#### Raw data
★ ★ ★ ★ ★

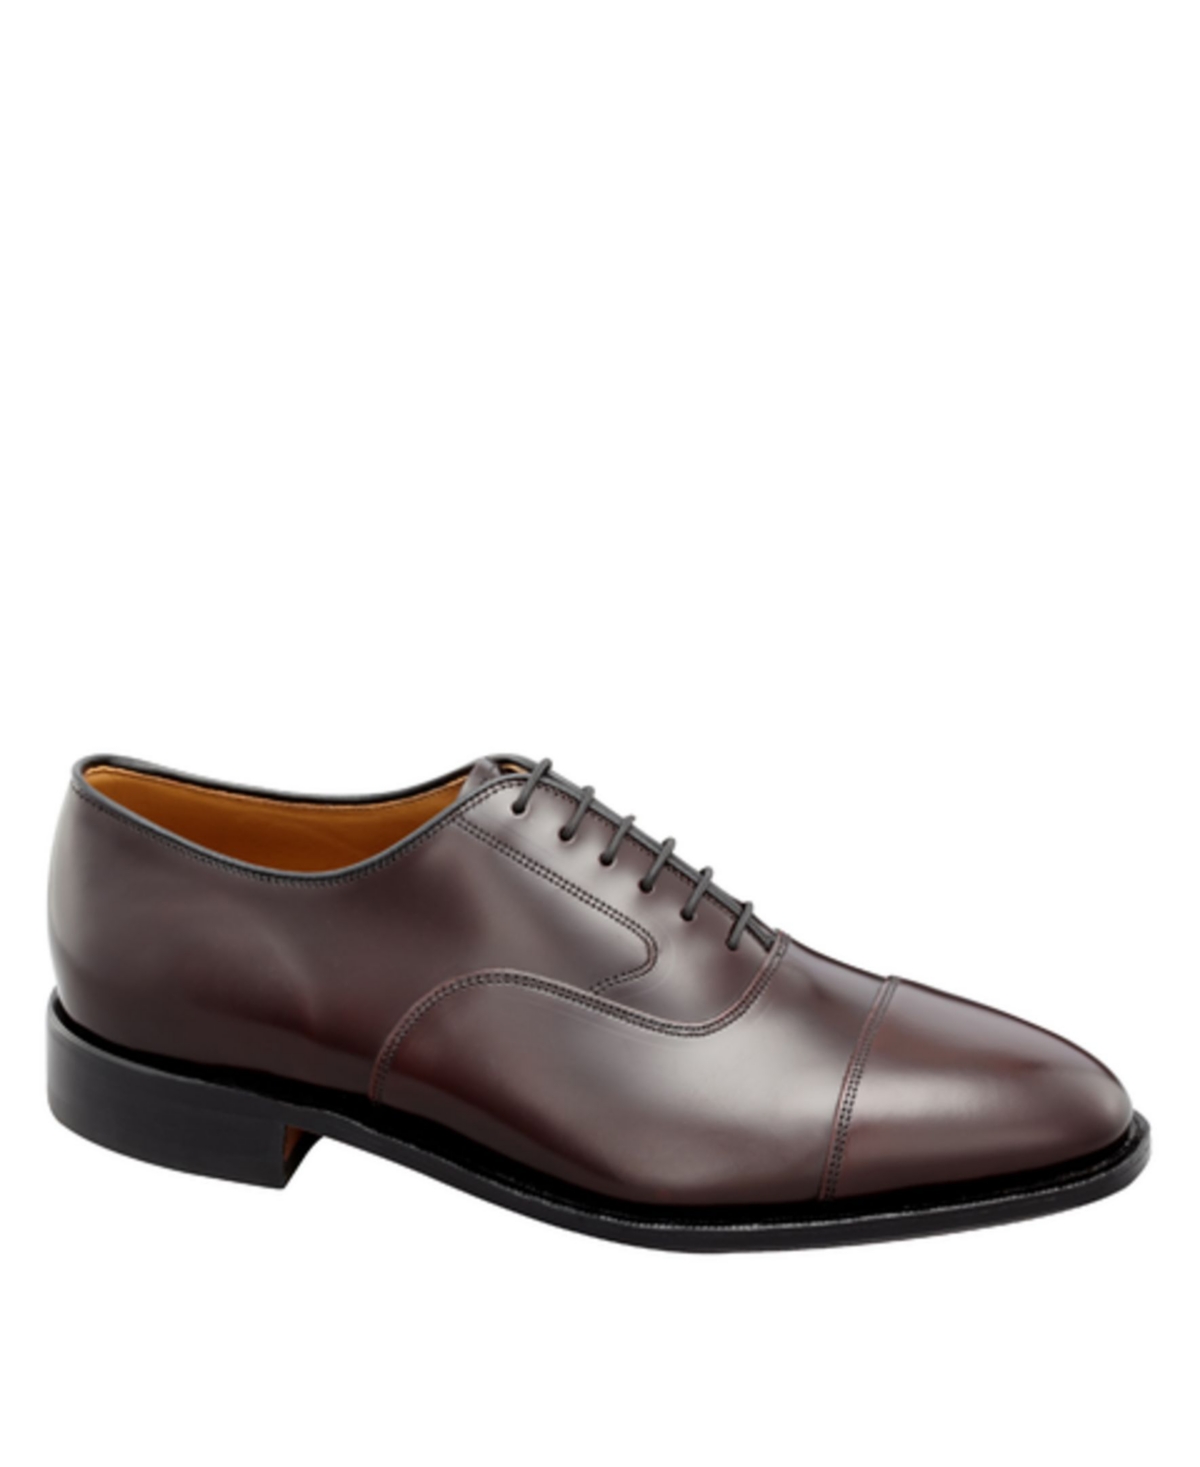 Men's Melton Cap Toe Shoes - Burgundy
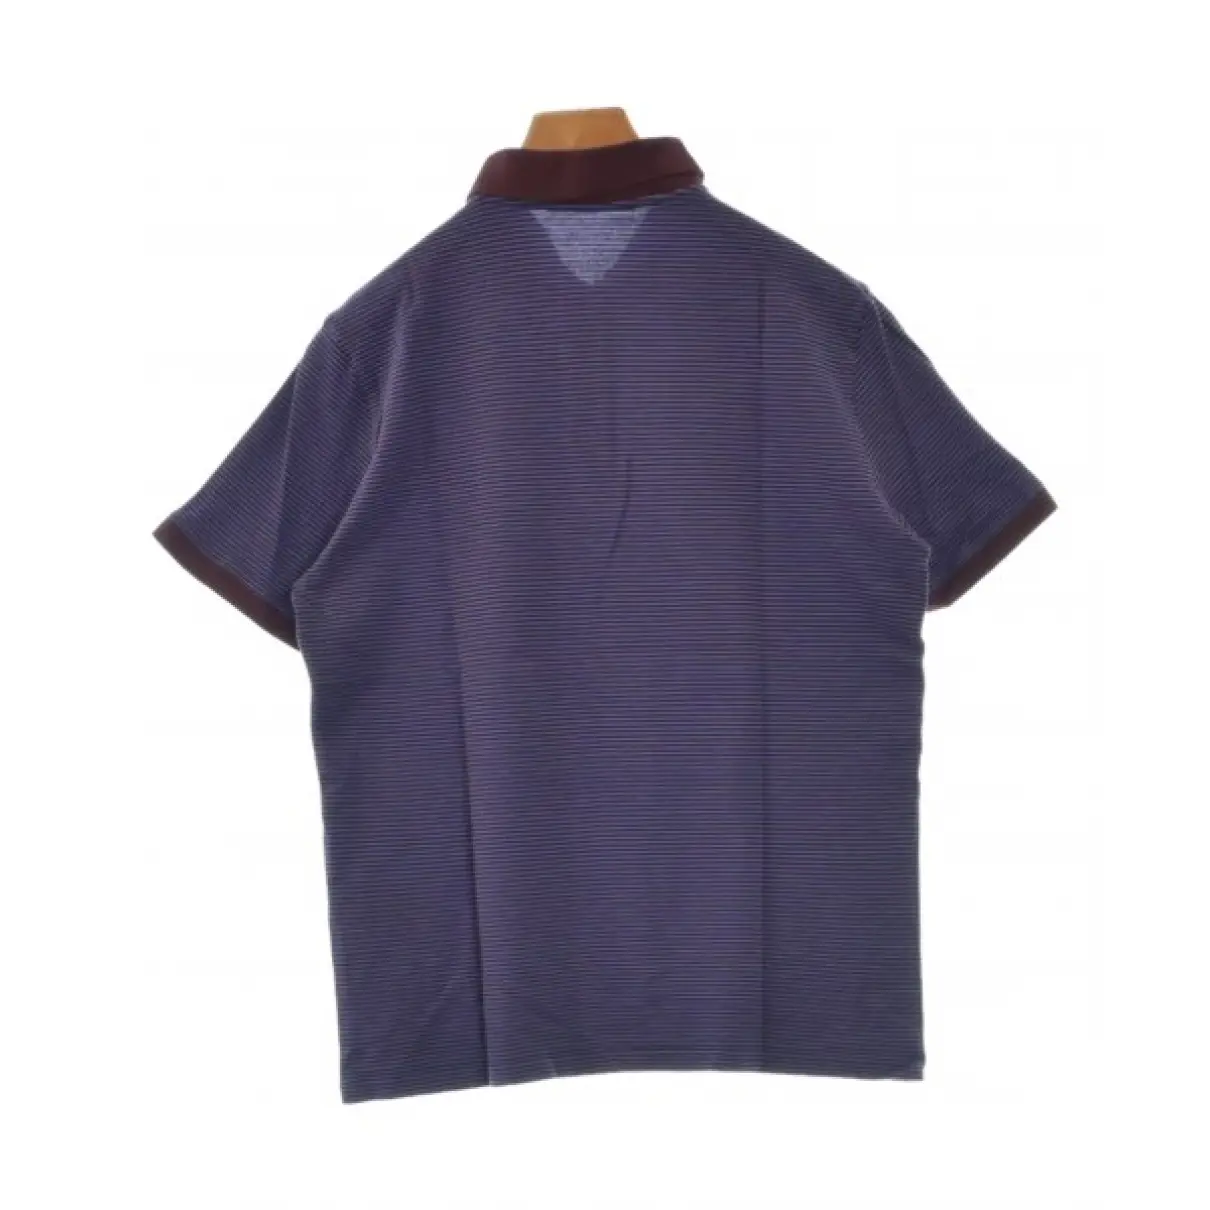 Buy Louis Vuitton Polo shirt online
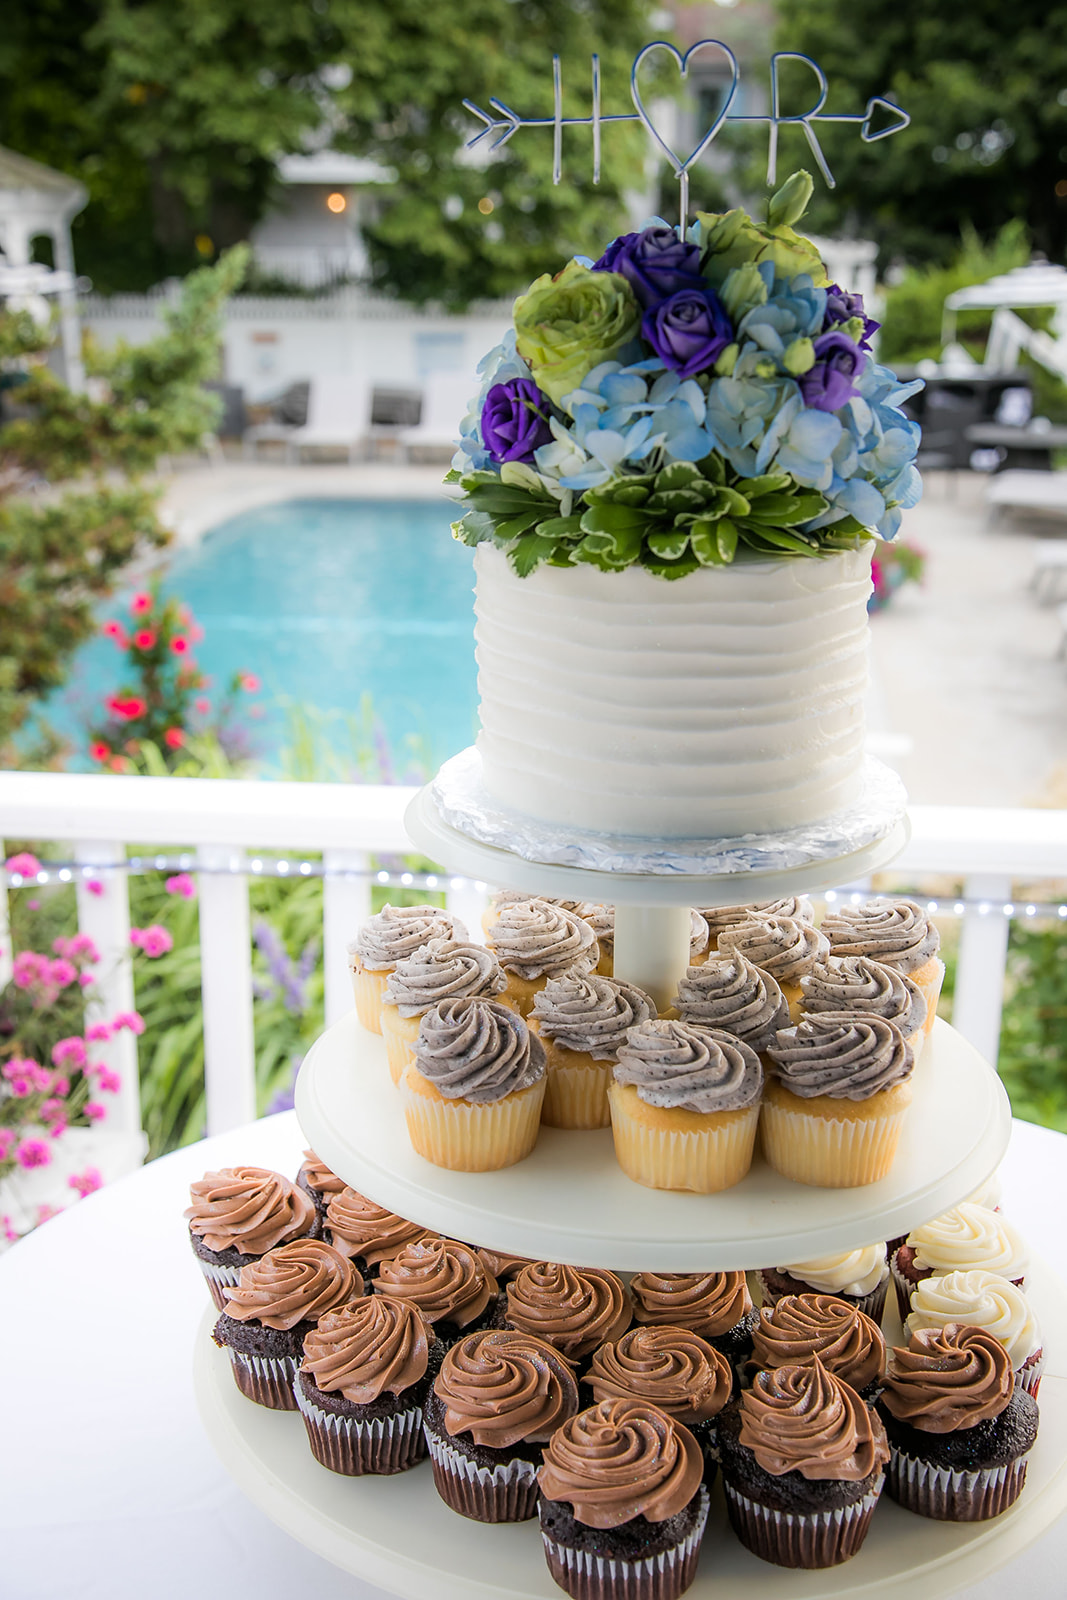 Wedding cake by pool
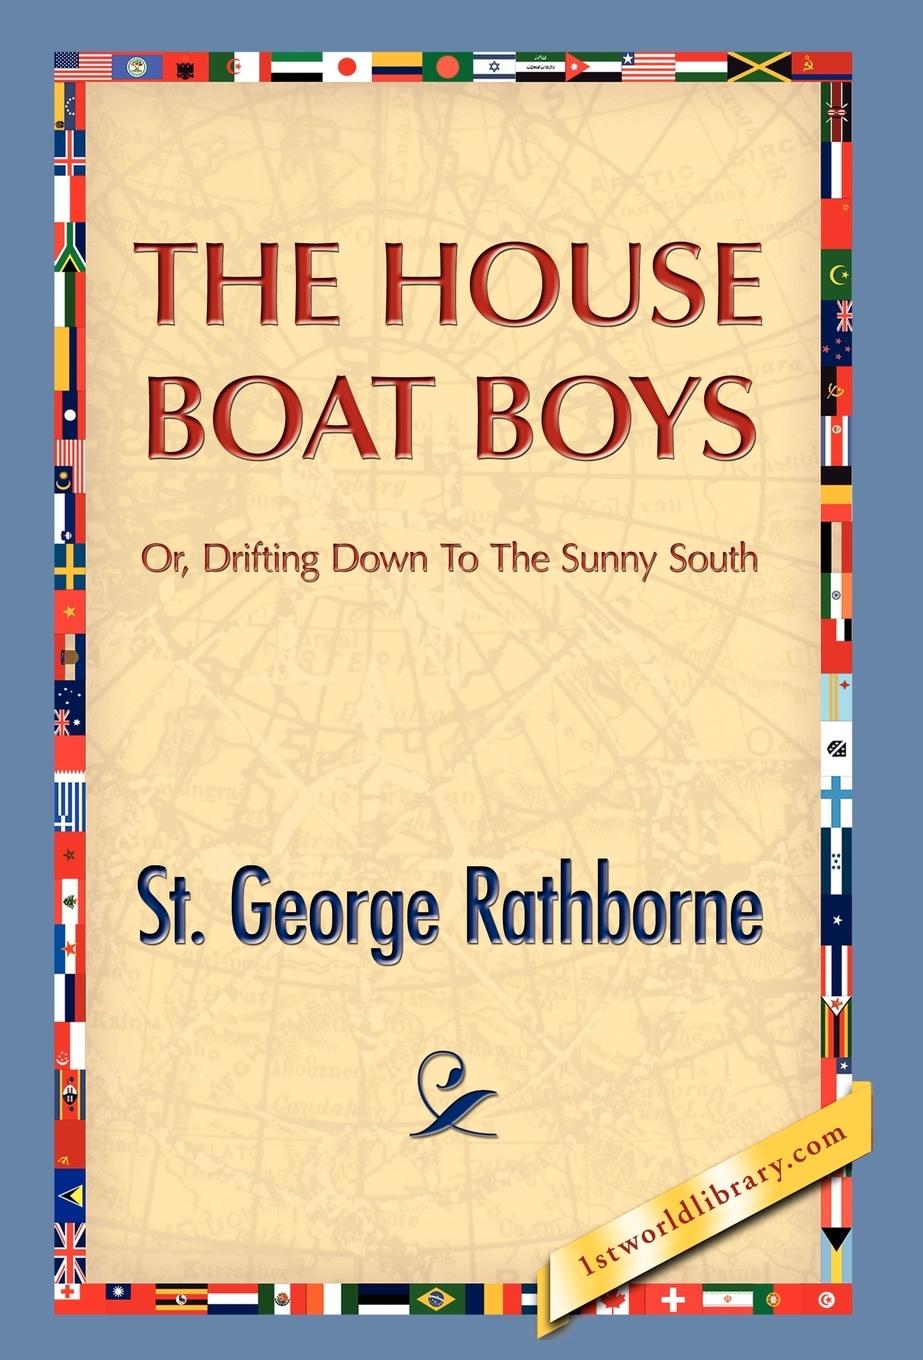 The House Boat Boys - Rathborne, St. George

★ ★ ★ ★ ★

#### Action item
Set down word for word the lines beginning with the one containing "Wedding cake by pool" and ending with the last line of the listing, inclusive. Omit every picture.

#### Output below
 Wedding cake by pool
 The House Boat Boys - Rathborne, St. George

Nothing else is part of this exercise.